The core entry point is load(), which reads a .pptx file into a PptxPackage dataclass containing two dictionaries: parts (mapping zip paths to raw bytes) and zinfos (preserving original ZipInfo metadata like compression level and modification time) 2. This structure allows for replace() operations and to_bytes() repackaging that maintains byte-equal fidelity.

Crucially, the system never assumes standard part names like theme1.xml or slideMaster1.xml. Instead, enumerate_parts() parses [Content_Types].xml to dynamically discover all themes, masters, layouts, slides, and charts. This is vital for multi-master decks where multiple theme files exist.

Slide geometry is not assumed; slide_size_emu() explicitly reads <p:sldSz> from ppt/presentation.xml to determine canvas dimensions in EMUs, falling back to widescreen defaults only if the element is missing.

Slide editing is handled in slide_edit.py, which operates directly on lxml roots in-place 3. Shapes are located by their id attribute via find_shape_by_id(), searching <p:sp>, <p:graphicFrame>, and <p:pic> elements.

Text manipulation is granular. apply_paragraphs() replaces the entire text body of a shape, preserving <a:bodyPr> and <a:lstStyle> while nuking existing <a:p> elements. It constructs runs with specific formatting (bold, italic, size, color) using _build_run_xml(). For targeted updates, set_run_text() allows in-place modification of specific <a:t> elements by paragraph and run index.

Geometry manipulation is achieved via move_shape(), which sets <a:off> (position) and <a:ext> (size) attributes within the shape’s <a:xfrm> element. shape_bbox_emu() retrieves the current bounding box (x, y, cx, cy) for layout calculations.

Chart handling in charts.py delegates to python-pptx rather than hand-rolling XML 4. This is because bespoke lxml generation fails to produce the embedded Excel workbook and c:externalData link required for the “Edit Data” feature in desktop PowerPoint.

add_chart_to_slide() maps compact chart types (e.g., “bar”, “scatter”) to python-pptx enums and inserts the chart at specified EMU coordinates. It supports scatter plots using XyChartData and other types using CategoryChartData.

After insertion, _recolour_series() performs a post-pass on the chart’s XML (<c:ser> elements) to apply theme palette colors directly to <a:solidFill> elements, bypassing python-pptx’s high-level formatting which may lose style for certain chart types.

Theme editing in theme_edit.py ensures that palette and font changes are applied to all theme parts in the deck, not just theme1.xml 5. This addresses a previous failure mode where multi-master decks were partially updated.

set_palette() iterates through all theme parts found by enumerate_parts(), locating <a:clrScheme> and rewriting slot values (e.g., “dk1”, “accent1”) to the provided hex palette. It normalizes existing color definitions to <a:srgbClr>.

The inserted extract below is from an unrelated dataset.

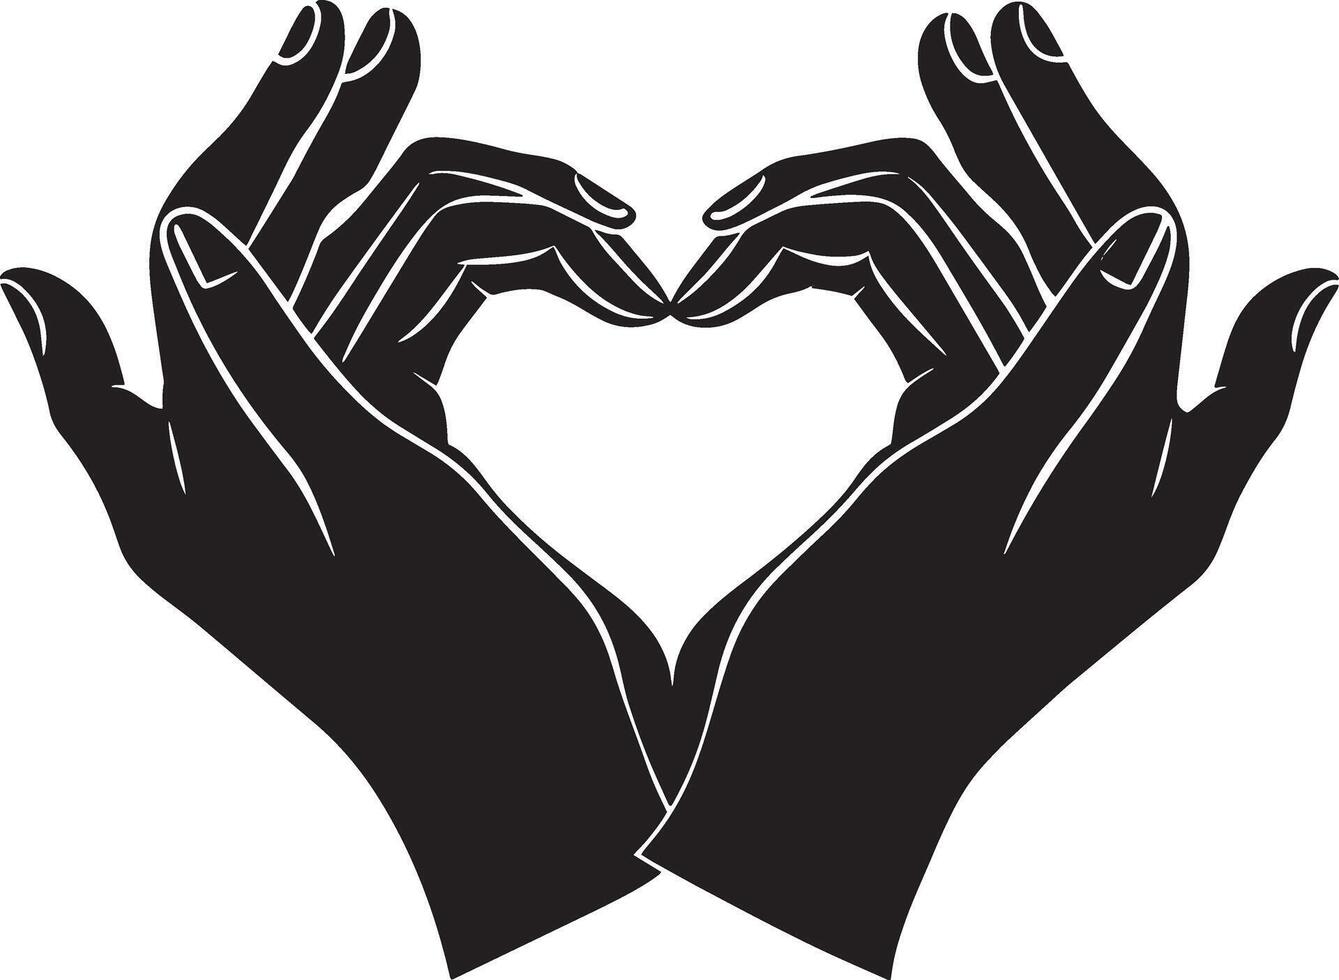 Preto e branco ilustração do mãos formando uma coração forma com seus dedos. vetor

set_fonts() similarly iterates through theme parts to update <a:fontScheme>, modifying <a:latin> typeface attributes for both major (heading) and minor (body) fonts.

The validate.py module provides geometry and placeholder validation without requiring a LibreOffice round-trip 6. It uses the deck-specific slide size from slide_size_emu() as the boundary for all checks.

validate_pptx() iterates through all slides and shapes, checking for:

  1. Placeholder Residue: Text matching patterns like “click to add” or “lorem ipsum”.
  2. Out-of-Bounds Shapes: Shapes whose bounding box extends beyond the slide canvas dimensions.
  3. Shape Overlaps: Shapes intersecting by more than 5% of the smaller shape’s area.

It returns a list of ValidationIssue objects detailing the code, slide ID, shape ID, message, and fix hints.